AMAZING! Its what you sit for hours in the woods for. Great job brother.


----------



## catfishing22 (Mar 7, 2009)

That's what ya call a sick nasty buck congrats


Outdoor Hub mobile, the outdoor information engine


----------



## dmgonfishin55 (Jan 8, 2009)

Absolute giant! Ive never even seen a deer that big let alone got within bow range, congratulations on a great buck!


----------



## Wildlife (Dec 12, 2010)

Wow,,, That's one hell of a Buck!!! Pretty cool you got the buck you hoped for too. Quite the Xmas gift I'd say. A huge congratulations goes out to you sir! Just an AWESOME BUCK! Congratulations!


----------



## CRAPPIE LOVER (Feb 11, 2007)

Congrats on a very...very...Fine Buck..And to have trail cam pics. even makes it better..He will look fantastic on the wall...Buck of a lifetime.....JIM....CL....:!....:!....:!....


----------



## lonewolf (Mar 4, 2010)

Nice deer !! Real nice!!


----------



## fordman (Sep 23, 2010)

WOW! That's a buck of a lifetime. That's what I dream of for a trophy someday. Great job!


----------



## Skunkedagain (Apr 10, 2004)

Wow! Don't think i have ever seen drop tines that size. Awesome deer. Congrats.


----------



## Jigging Jim (Apr 3, 2010)

Amazing Deer... Congratulations!


----------



## Got One (May 26, 2006)

Awesome deer, way to stick with it.

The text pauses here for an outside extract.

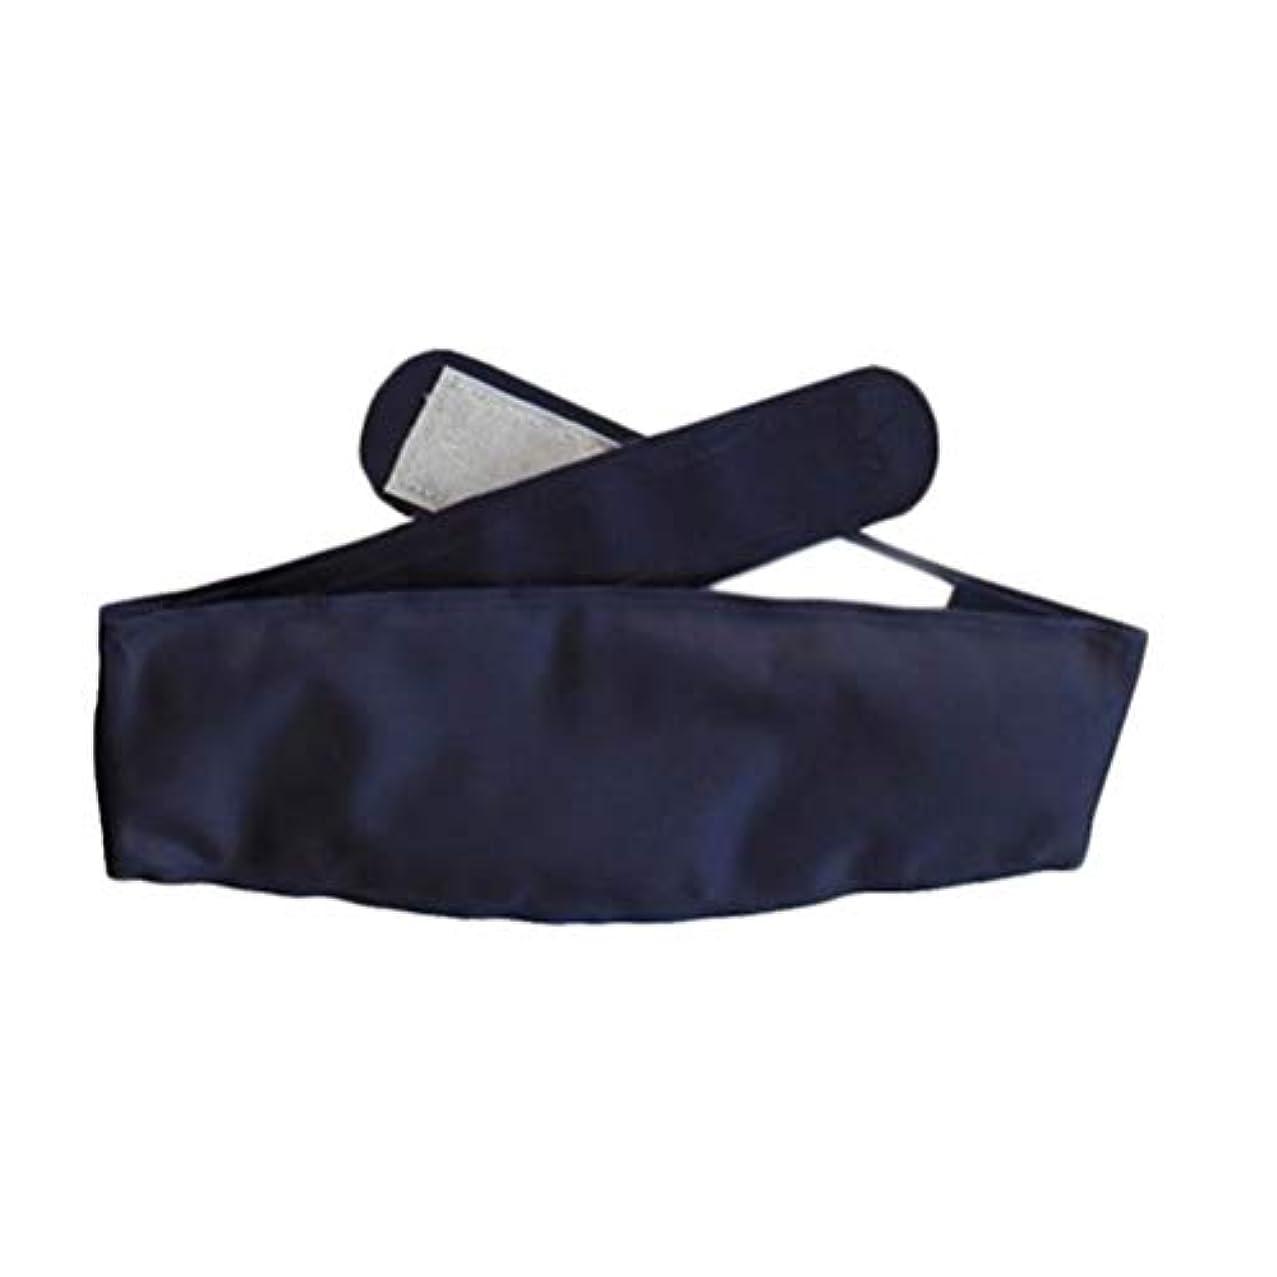 Healifty コールドジェルはアイスパッドにストラップを詰めますオーバーヒート傷害のためのホットコールドセラピー応急処置痛み腫れあざ捻rain炎症痛みの緩和

Love the trail cam pics to.


----------



## phishyone1 (Jun 27, 2008)

WOW.... Congrats!!!!!!! Cool buck:!, very unique


----------



## Lundy (Apr 5, 2004)

Congratulations!!

Great buck


----------



## Cool Hunter (Dec 8, 2004)

Thanks guys. I rough scored it at 180" gross and 170 3/8" nontypical after deductions. I'm no expert at nontypical scoring. This is the first big buck I've killed that I didn't really care what the score was on it.


----------



## wildman (Sep 3, 2008)

That thing is awsome! Congrat's!


----------



## Hetfieldinn (May 17, 2004)

Incredible buck. Congrats.


----------



## P-NUT (May 17, 2009)

You just killed a bigger deer than probably 95% of people will ever see.... FREAKIN' SMILE!!  Great job! way to stick with it. It can be easy to "settle" when it starts getting late in the season.


----------



## Header (Apr 14, 2004)

That is totally an assume rack with a great animal. Buck of a life time there man. I'm sure some corp. co. will offer you some big $$ for a copy of him. Be sure to post it on ODNR, Buckmaster and any other site for deer.


----------



## crappiewacka (Apr 7, 2009)

What a moose!!!! SWEET!!! You are the man!!


----------



## Snook (Aug 19, 2008)

Very unique deer with those huge double "clubs". Kudo's for sticking it out on an awesome deer. You alway's wonder how they get by during the gun season but I'm sure your glad he did


----------



## Hunt&fish4life (Dec 28, 2011)

Very nice Buck !!!


----------



## Seaturd (Apr 14, 2004)

Heck of a buck!


----------



## Hunt&fish4life (Dec 28, 2011)

In my book there is no such thing as deductions. Those are for your taxes. Besides that if it has 180" of horn on its head who cares if it is even or not there is still 180" on its head.


----------